Current research focuses on identifying factors that underlie the profound age-associated increases in prostate cancer incidence. Clinically, the diagnosis and treatment of prostate cancer could be impacted at several levels. First, the identification of individual or patterns of secreted factors might provide biomarkers for early detection of prostate cancers, or more importantly, those cancers with the propensity for lethal behaviour. While prostate-specific antigen has been widely used as a screening test, its use and application continues to be controversial in many circles due to its lack of specificity and sensitivity. Novel patterns of secreted proteins identified through studies of ageing may provide diagnostic tools with the potential enhanced sensitivity by focusing on high-risk populations. In this context, it is important to recognise that molecular ageing may be distinct from chronological ageing, and senescence changes in the tumour microenvironment may reflect a particular sensitivity to DNA damaging agents or exposure to chronic inflammatory insults.

Second, prostate cancer has a significant lag time between the age at which cancers can be histologically detected with high prevalence and the age at which most clinical diagnoses are made. For example, pre-neoplastic PIN lesions can be identified in a substantial number (9%) of men aged 20–29, and asymptomatic histologic cancers and PIN lesions are reported to be present in 27 and 20% of men aged 30–39, respectively (Sakr et al, 1993). By contrast, only 0.01% of men aged less than 40 will be clinically diagnosed with prostate cancer (Jemal et al, 2007). Chemopreventive agents, potentially targeting cancer-promoting stromal factors altered in the context of ageing, administered during the lag times between PIN, cancer development, and/or progression to clinically-relevant disease, could delay or reverse the progression of prostate cancer.

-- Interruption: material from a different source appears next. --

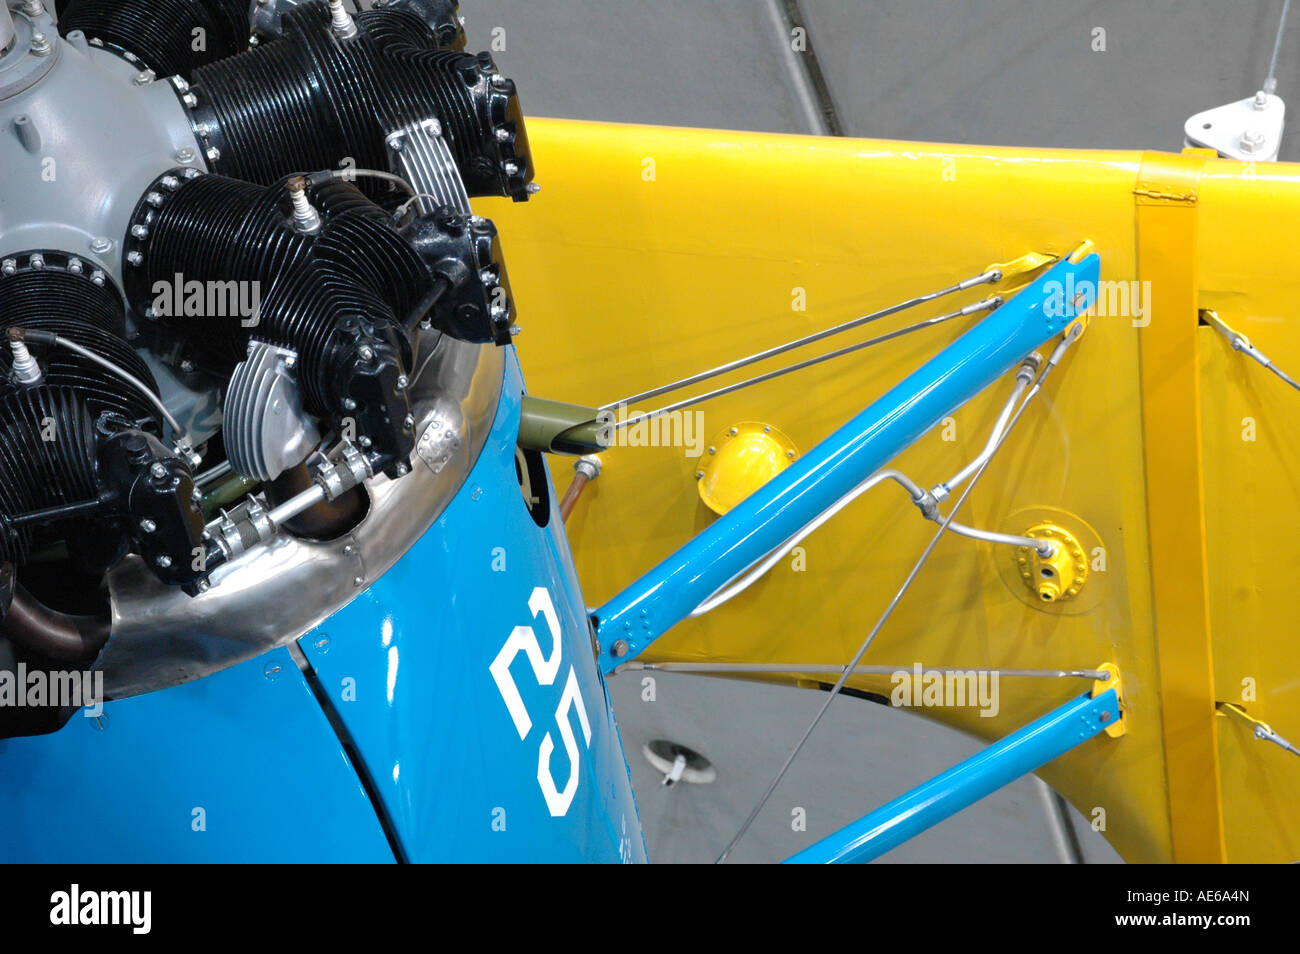 Biplane in an air museum Stock Photo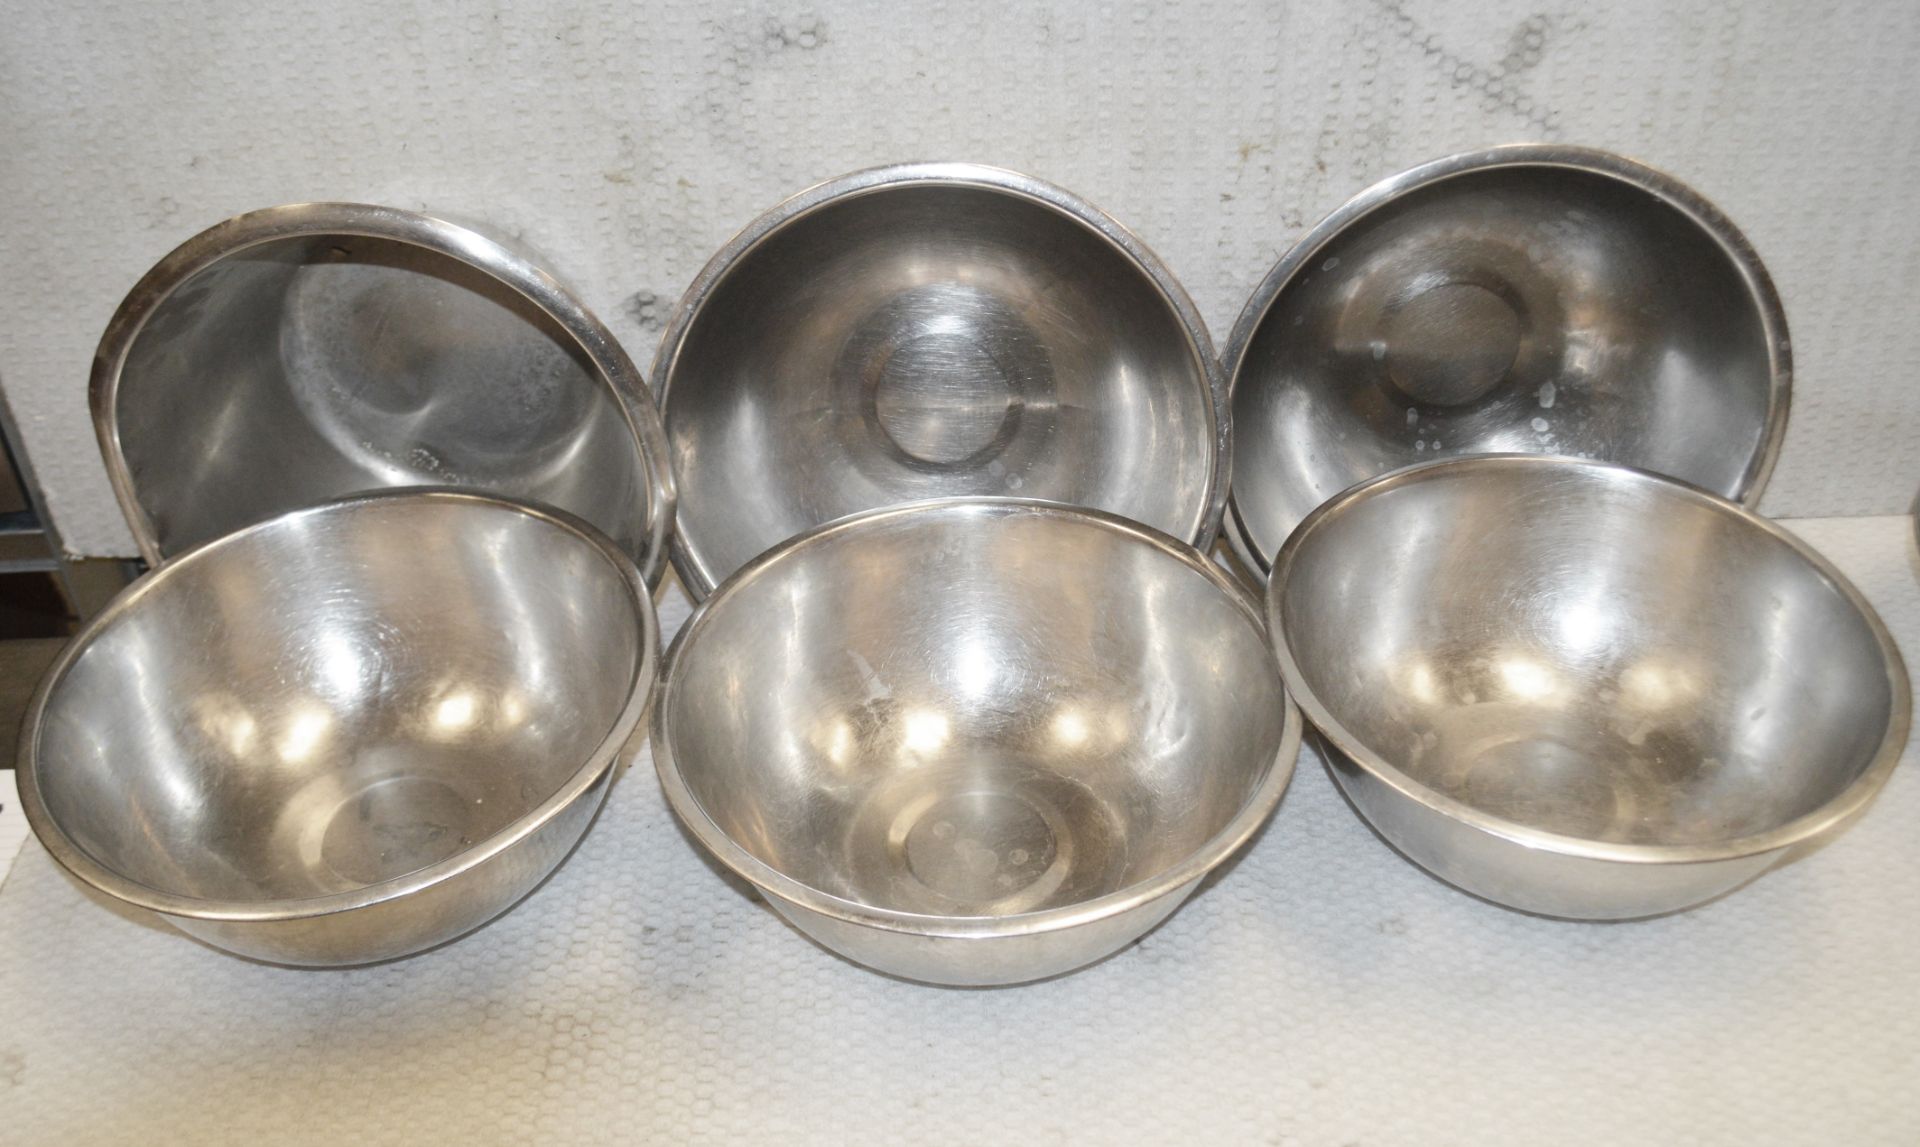 19 x Stainless Steel Mixing  Bowls For Commercial Kitchens - Includes Small, Medium and Large - Image 6 of 6

Third, prostate cancer therapy may be improved by broadening the diversity of targets. In particular, directing treatment towards mechanisms modulating resistance to cytotoxic chemotherapy, or influencing components of the tumour microenvironment could offer novel combinations that may serve to abort resistance mechanisms and mitigate toxicities. For example, it is now possible to directly inhibit angiogenesis in the tumour microenvironment through approaches that modulate the effects of VEGF, a growth factor shown to be upregulated by senescent fibroblasts. Other agents such as COX-2 inhibitors may serve to influence effectors of the inflammatory or wound responses that exert growth or survival effects towards tumour cells. In prostate cancer, these efforts are not mature to date. However, improvements in our understanding of the biology of ageing and senescence should provide mechanistic insights into the relationship between these processes and neoplastic growth, and allow focused efforts to develop tools for the optimised preventive, diagnostic, and treatment strategies.